Pre-draft measurables
| Height | Weight | Arm length | Hand span | 40-yard dash | 10-yard split | 20-yard split | 20-yard shuttle | Three-cone drill | Vertical jump | Broad jump |
| 6 ft 2+3⁄8 in (1.89 m) | 207 lb (94 kg) | 32 in (0.81 m) | 9+1⁄8 in (0.23 m) | 4.96 s | 1.80 s | 2.87 s | 4.48 s | 7.41 s | 34.0 in (0.86 m) | 9 ft 0 in (2.74 m) |
All values from Pro Day

===Carolina Panthers===
On May 8, 2025, Garbers signed with the Carolina Panthers as an undrafted free agent after going unselected in the 2025 NFL draft. He was waived by the Panthers ahead of training camp on July 23.

===Madrid Bravos===
On December 9, 2025, Garbers was signed by the Madrid Bravos of the European Football Alliance (EFA). However, he was released on March 10, 2026, when the team ceased operations.

===Frankfurt Galaxy===
On March 19, 2026, Garbers was signed by the Frankfurt Galaxy of the European Football Alliance.

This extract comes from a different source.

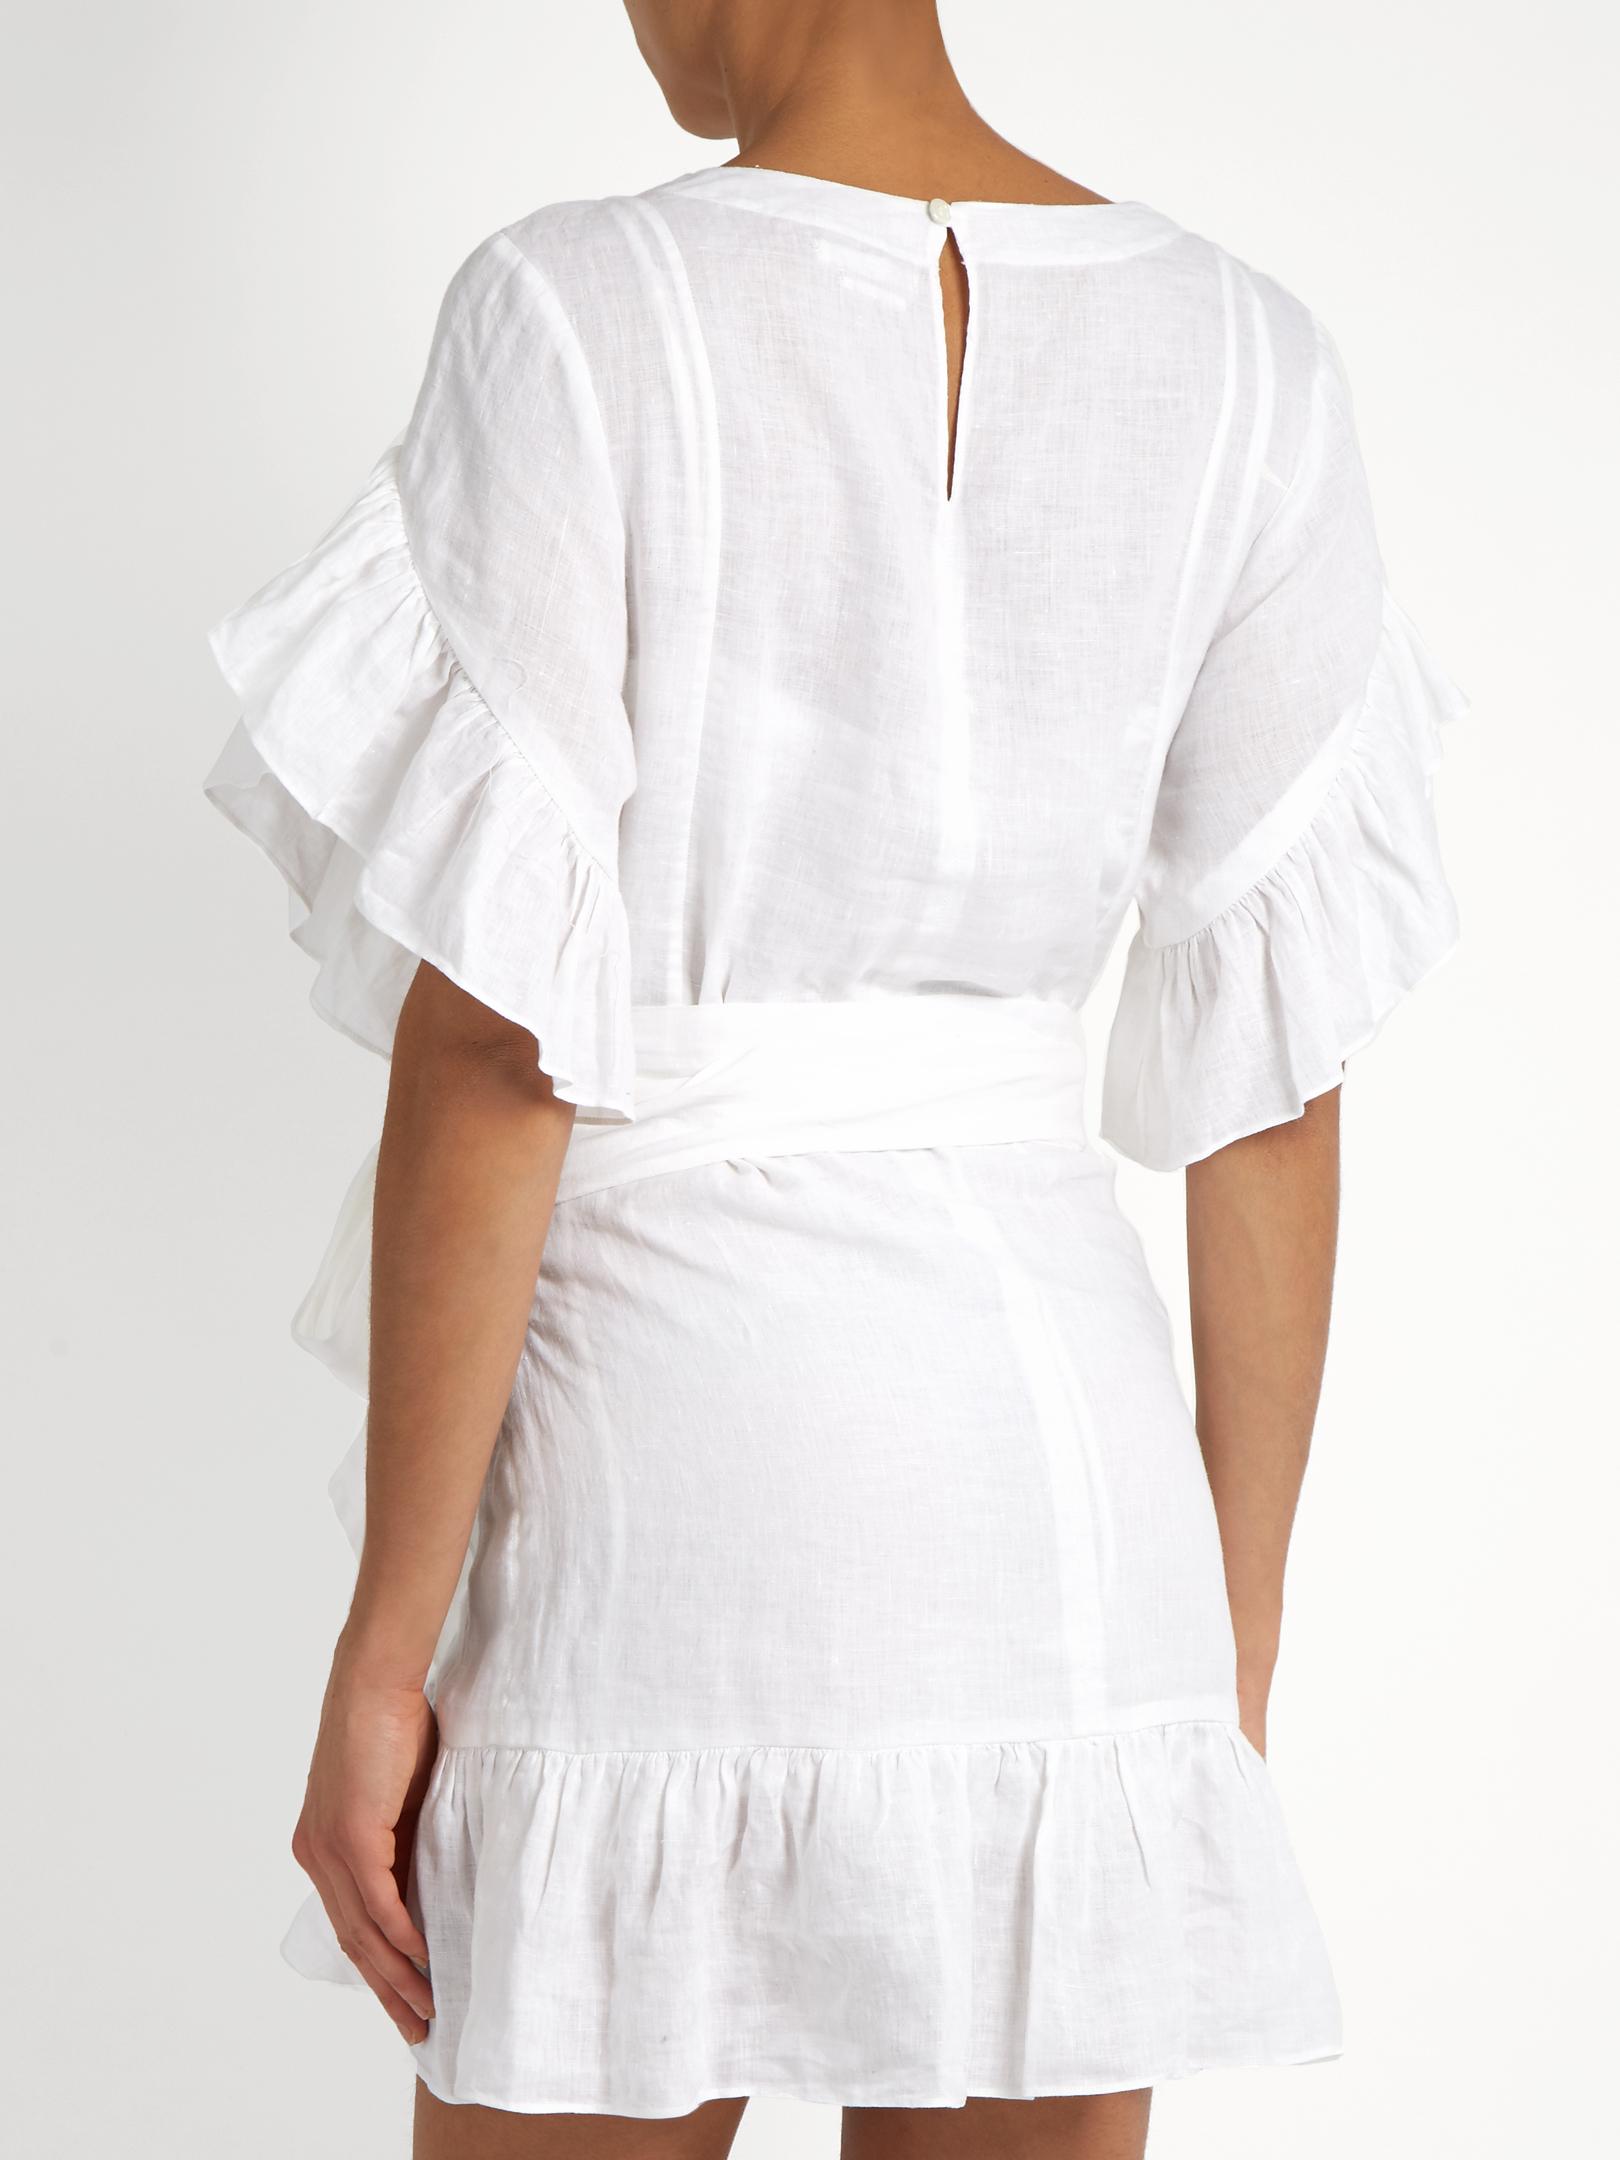 Buy > isabel marant delicia dress > in stock

Garbers was cut by the Galaxy on July 24.

==Career statistics==

Season: Team; Games; Passing; Rushing
GP: GS; Record; Comp; Att; Pct; Yards; Avg; TD; Int; Rate; Att; Yards; Avg; TD
2020: Washington; Redshirt
2021: UCLA; 12; 1; 0–1; 31; 51; 60.8; 305; 6.0; 2; 2; 116.1; 18; 31; 1.7; 0
2022: UCLA; 6; 0; 0–0; 26; 37; 70.3; 294; 7.9; 2; 2; 144.0; 7; 0; 0.0; 2
2023: UCLA; 11; 6; 4–2; 98; 146; 67.1; 1,136; 7.8; 11; 3; 153.2; 35; 127; 3.6; 0
2024: UCLA; 11; 11; 5–6; 235; 363; 64.7; 2,727; 7.5; 16; 11; 136.3; 83; 136; 1.6; 1
Career: 40; 18; 9–9; 390; 597; 65.3; 4,462; 7.5; 31; 18; 139.2; 143; 294; 2.1; 3

==Personal life==
Garbers' brother Chase played quarterback in college for the California Golden Bears.